Each word in the data below should be copied exactly; the images should not.

→ **INFORMATION SUPPLIED**:
::::::::
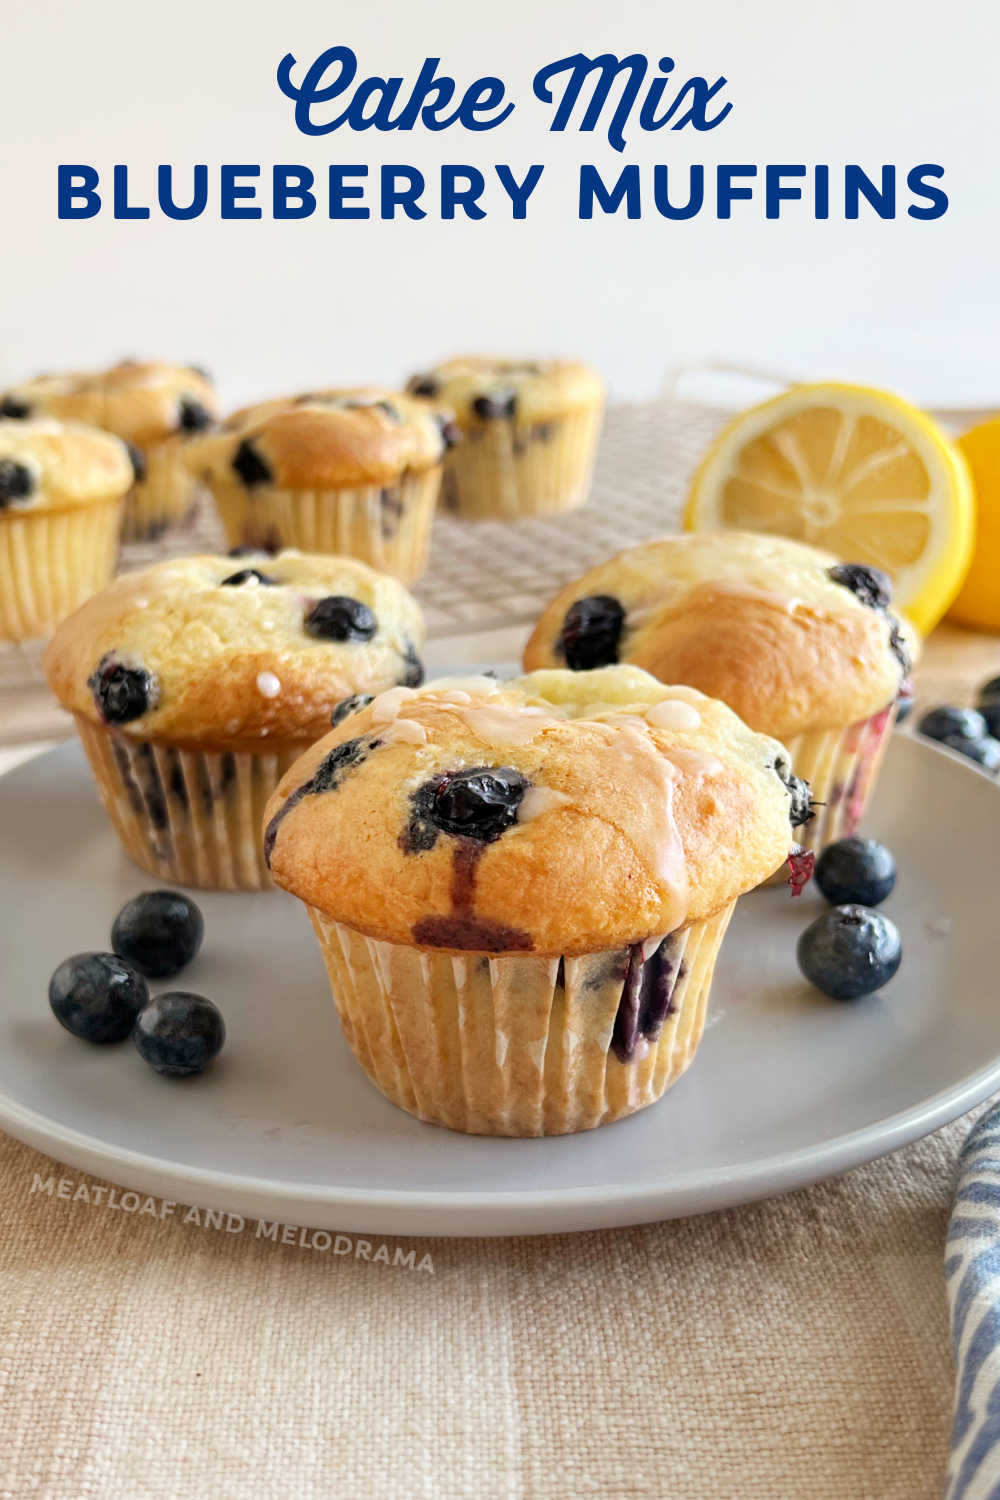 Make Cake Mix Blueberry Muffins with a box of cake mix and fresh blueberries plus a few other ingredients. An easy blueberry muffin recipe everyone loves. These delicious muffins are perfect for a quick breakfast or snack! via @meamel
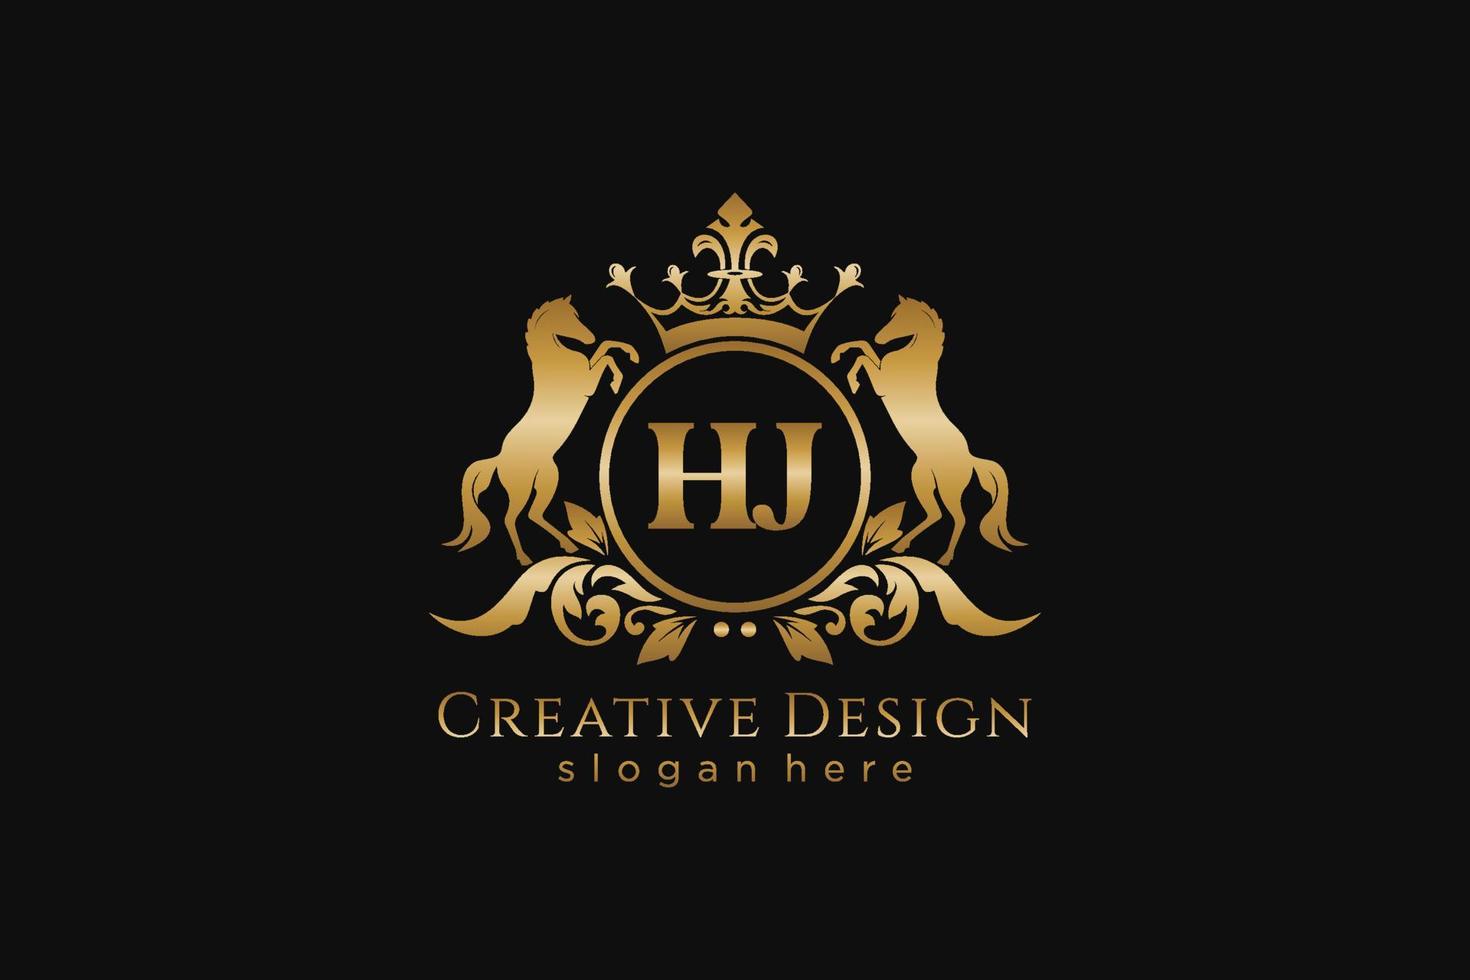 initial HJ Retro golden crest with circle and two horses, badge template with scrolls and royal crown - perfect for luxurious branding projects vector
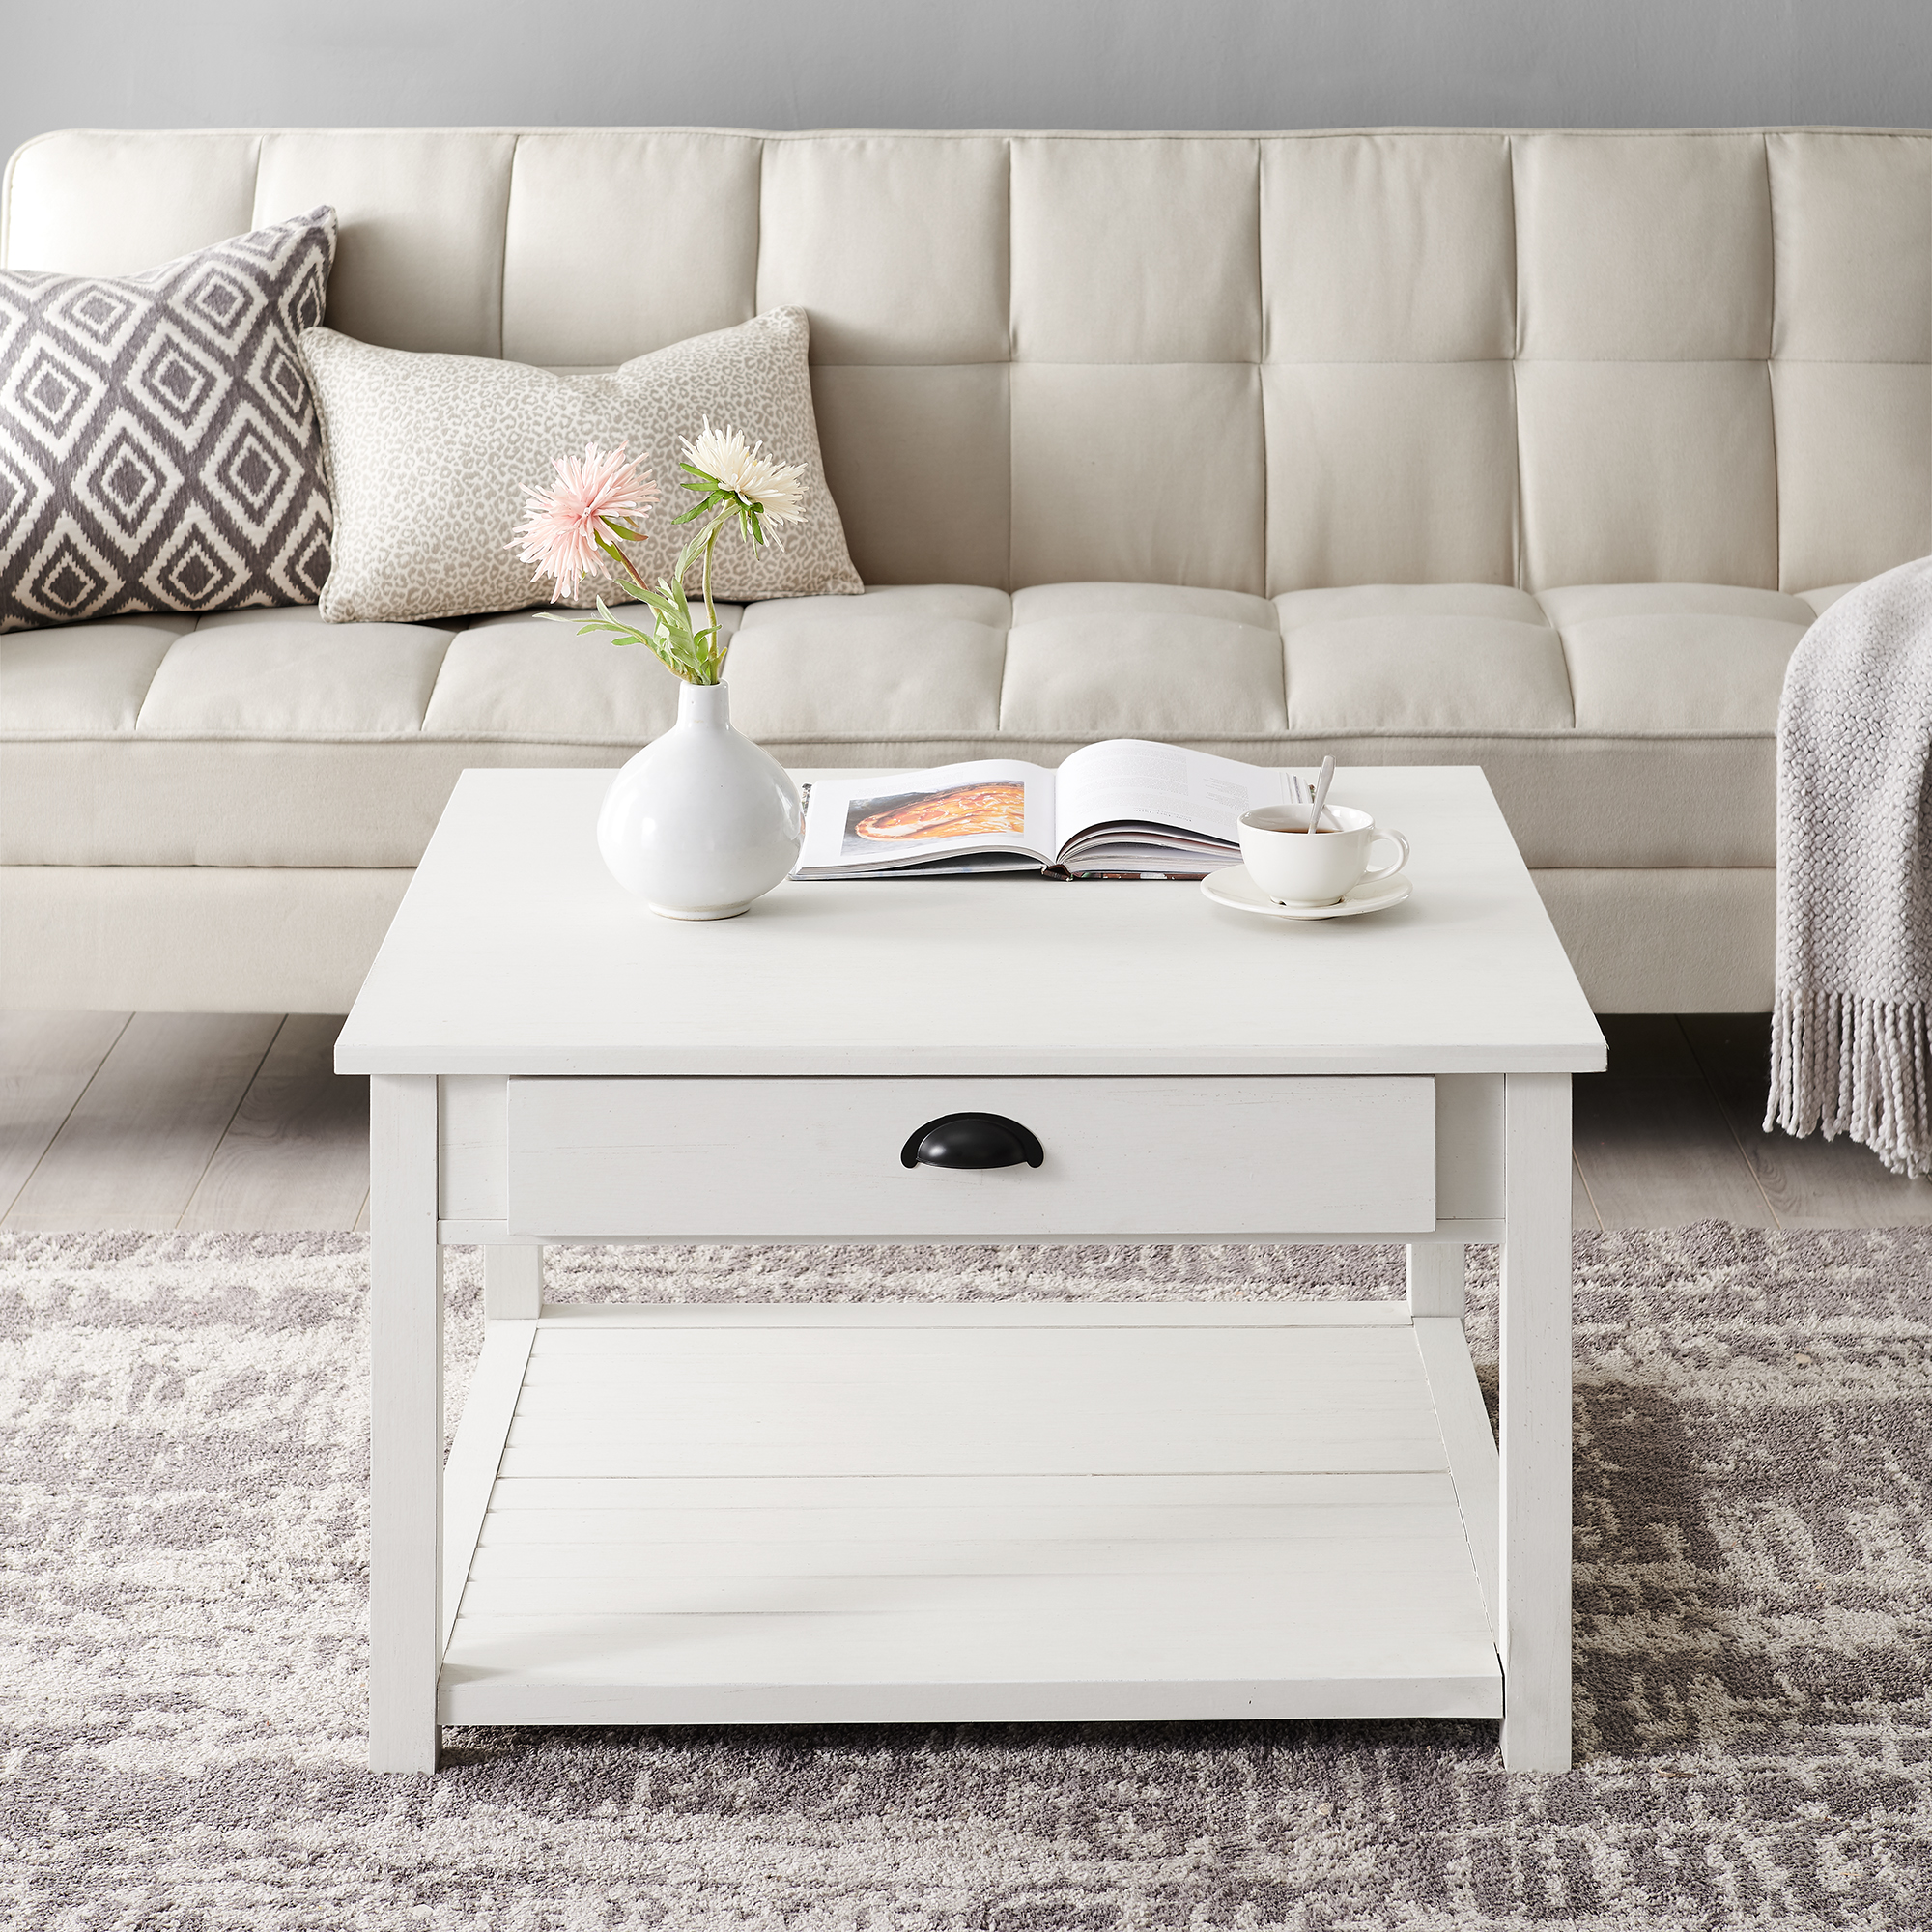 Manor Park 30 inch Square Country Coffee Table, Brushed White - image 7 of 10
::::::::
→ **REPLY**:
 Make Cake Mix Blueberry Muffins with a box of cake mix and fresh blueberries plus a few other ingredients. An easy blueberry muffin recipe everyone loves. These delicious muffins are perfect for a quick breakfast or snack! via @meamel
 initial HJ Retro golden crest with circle and two horses, badge template with scrolls and royal crown - perfect for luxurious branding projects vector
 Manor Park 30 inch Square Country Coffee Table, Brushed White - image 7 of 10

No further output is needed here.